--- COLLECTED DATA Enclosed Below ---

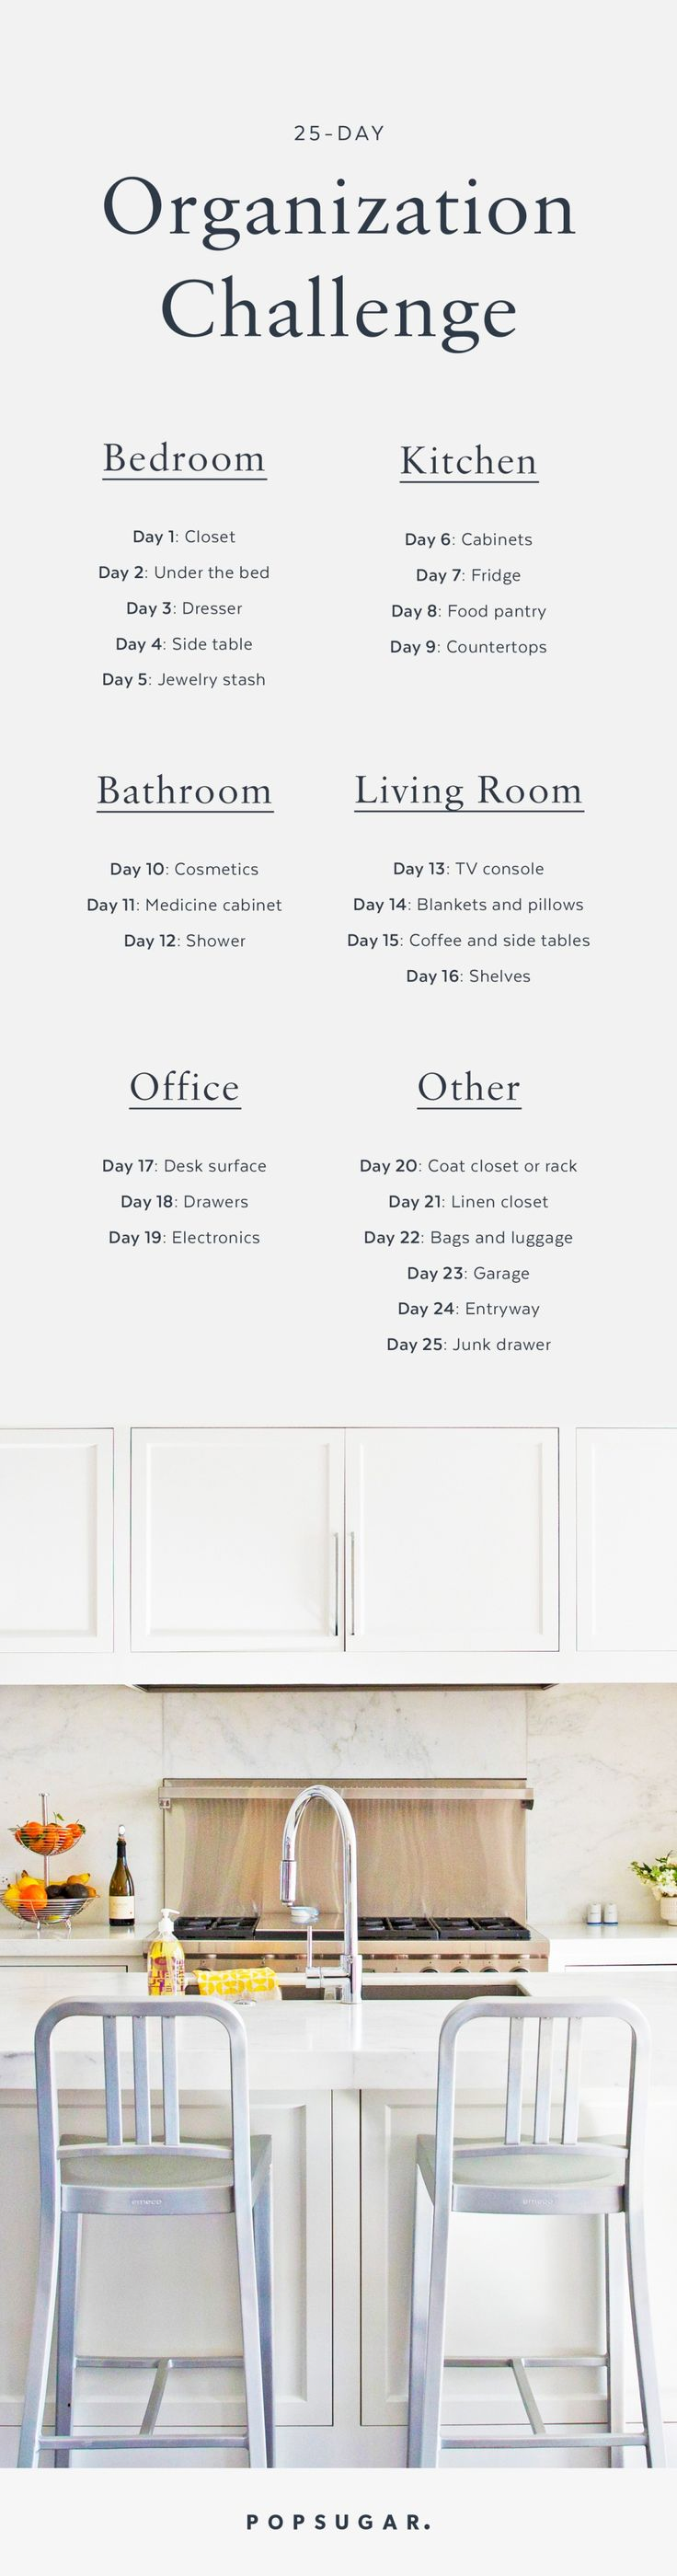 25-Day Organization Challenge
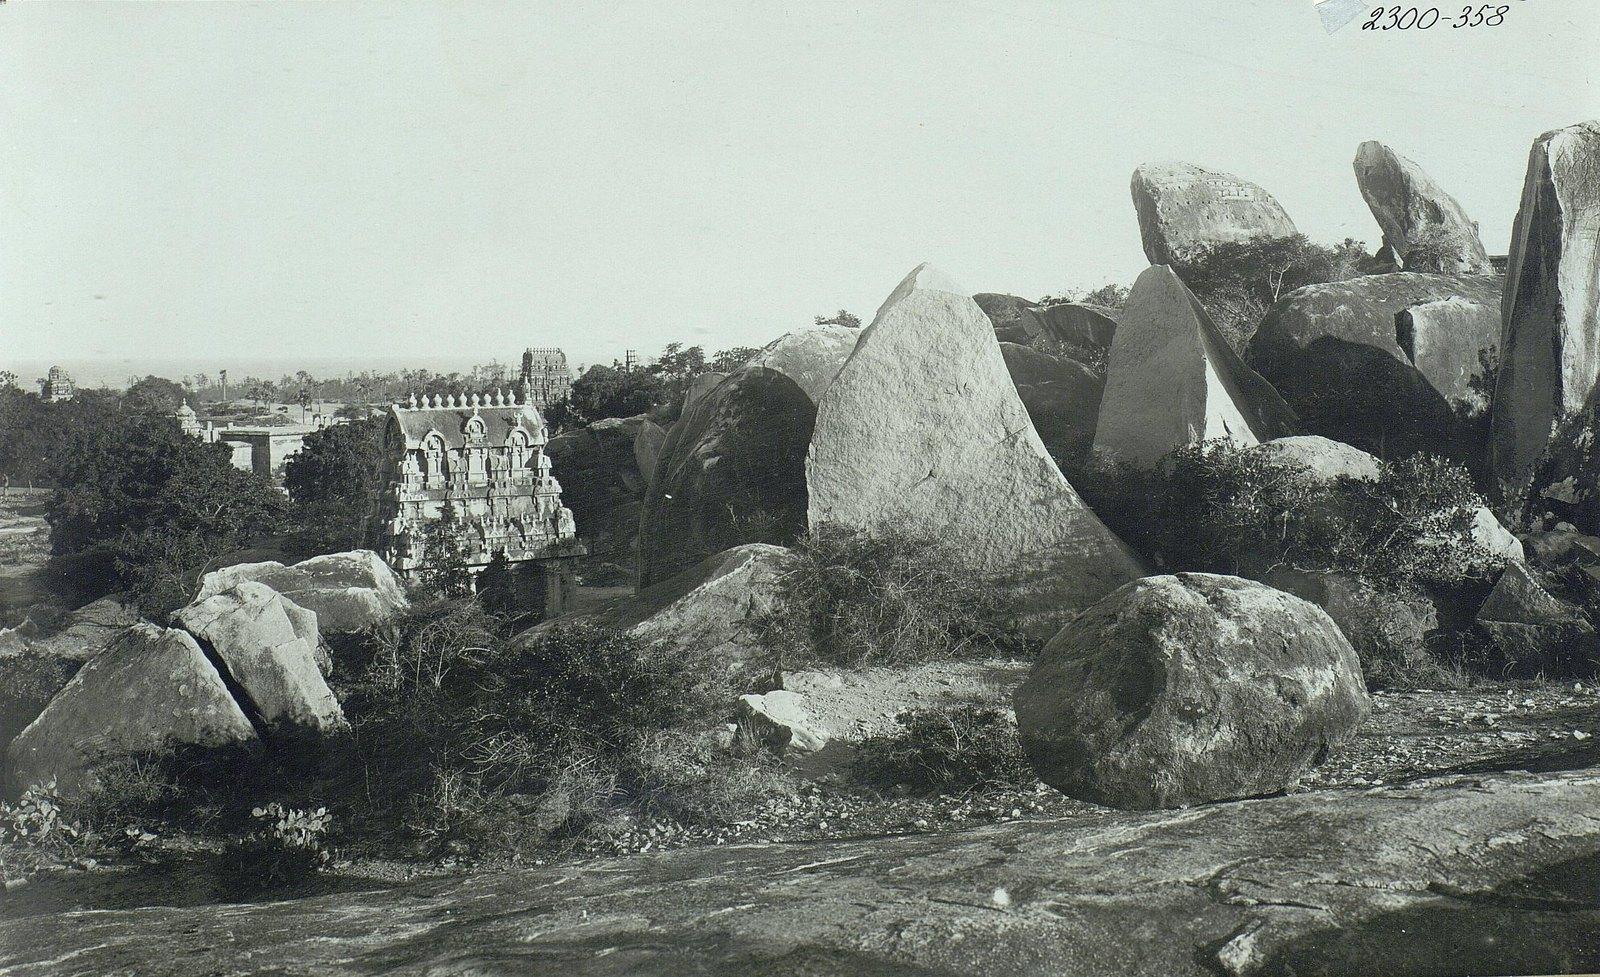 Мамаллапур (общий вид местности, в которой находятся храмы) (4)
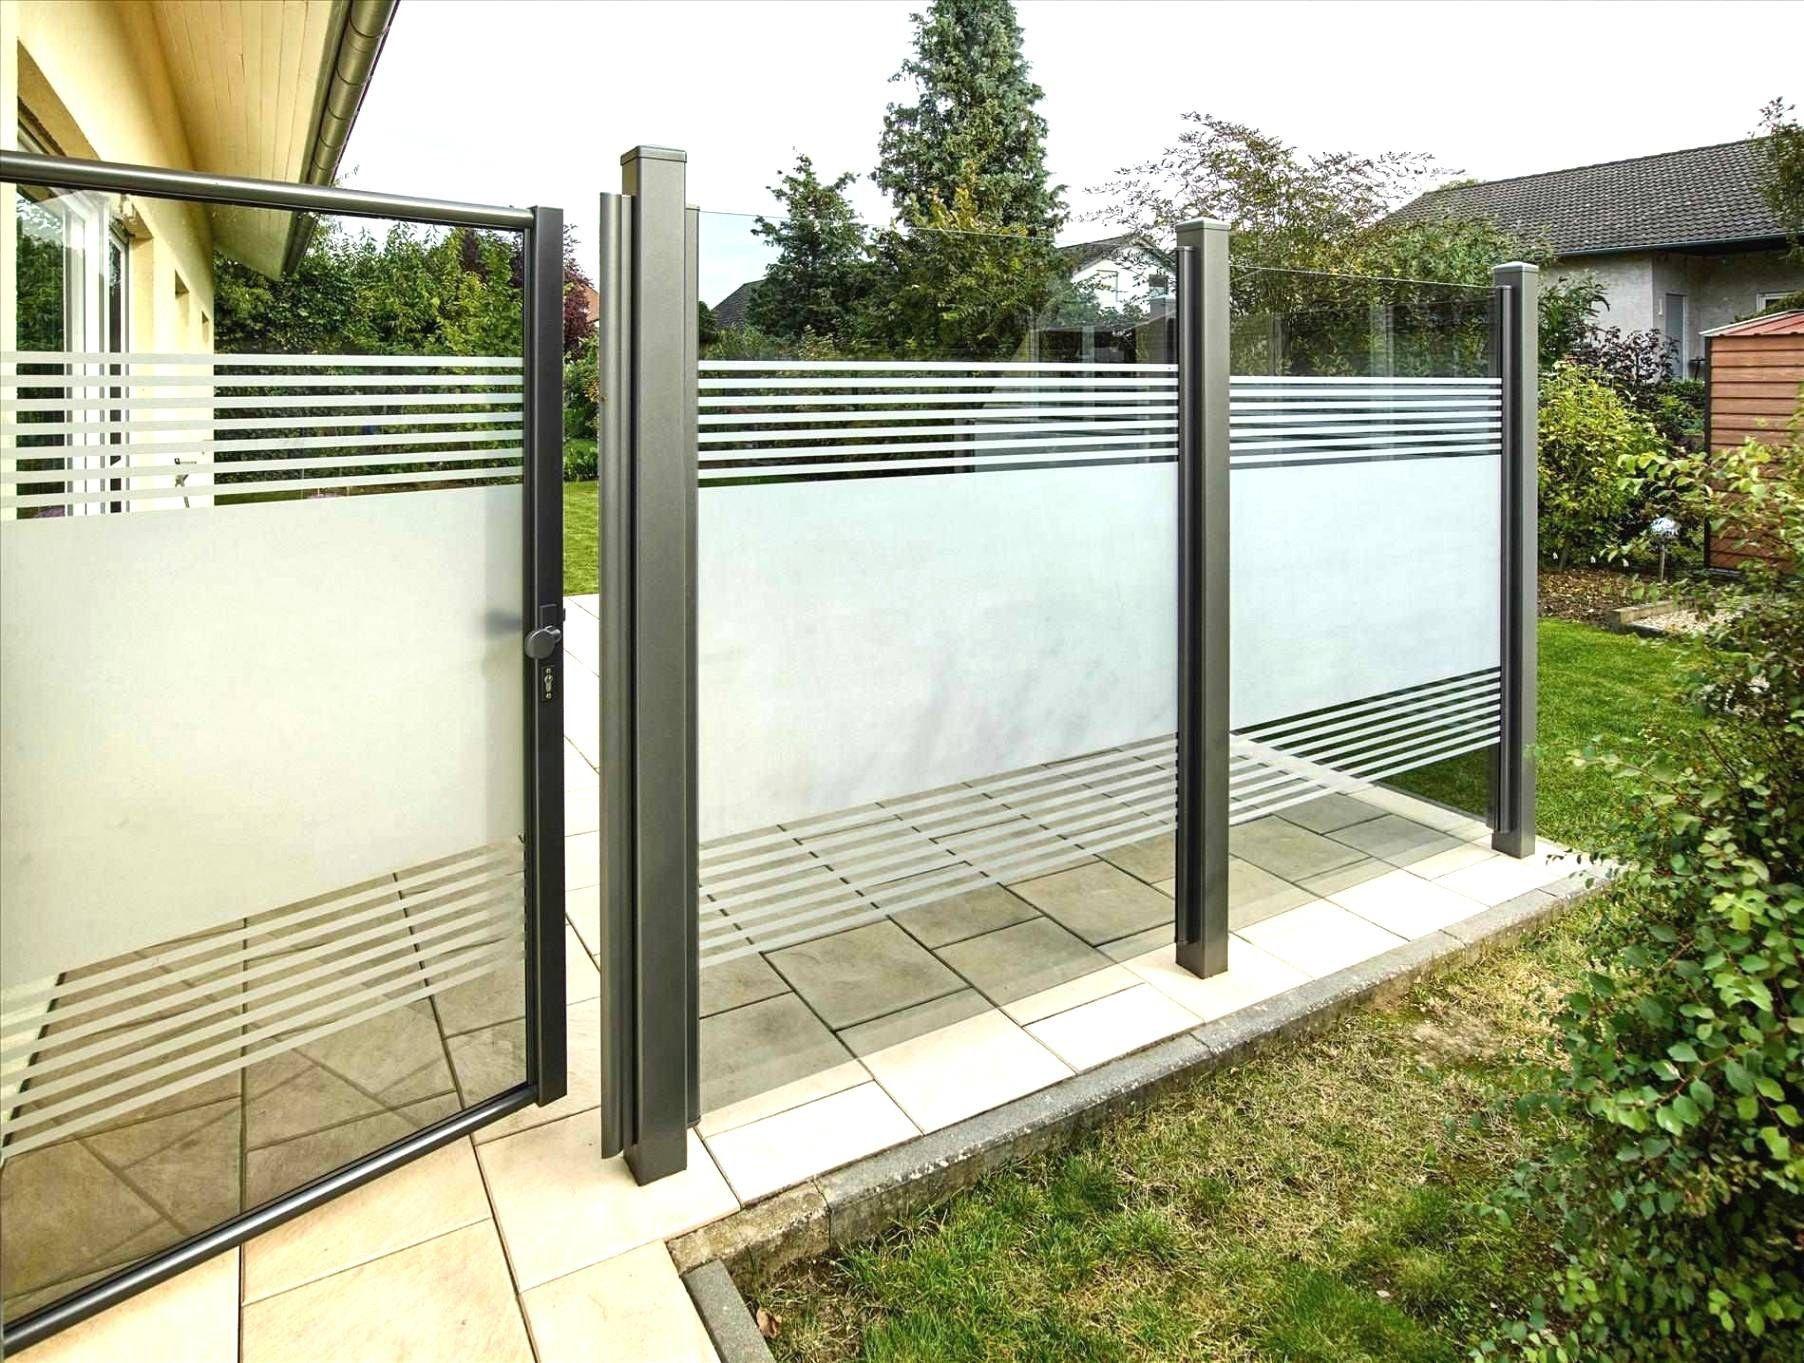 Einzigartig 45 Fur Windschutz Balkon Plexiglas Sichtschutz

--- End of Enclosed COLLECTED DATA ---

YOUR OBJECTIVE -> Write out exactly the lines beginning with the line that holds "Мамаллапур (общий вид" and ending with the final line of the data, both ends included, without the pictures.

YOUR SOLUTION ->
 Мамаллапур (общий вид местности, в которой находятся храмы) (4)
 Einzigartig 45 Fur Windschutz Balkon Plexiglas Sichtschutz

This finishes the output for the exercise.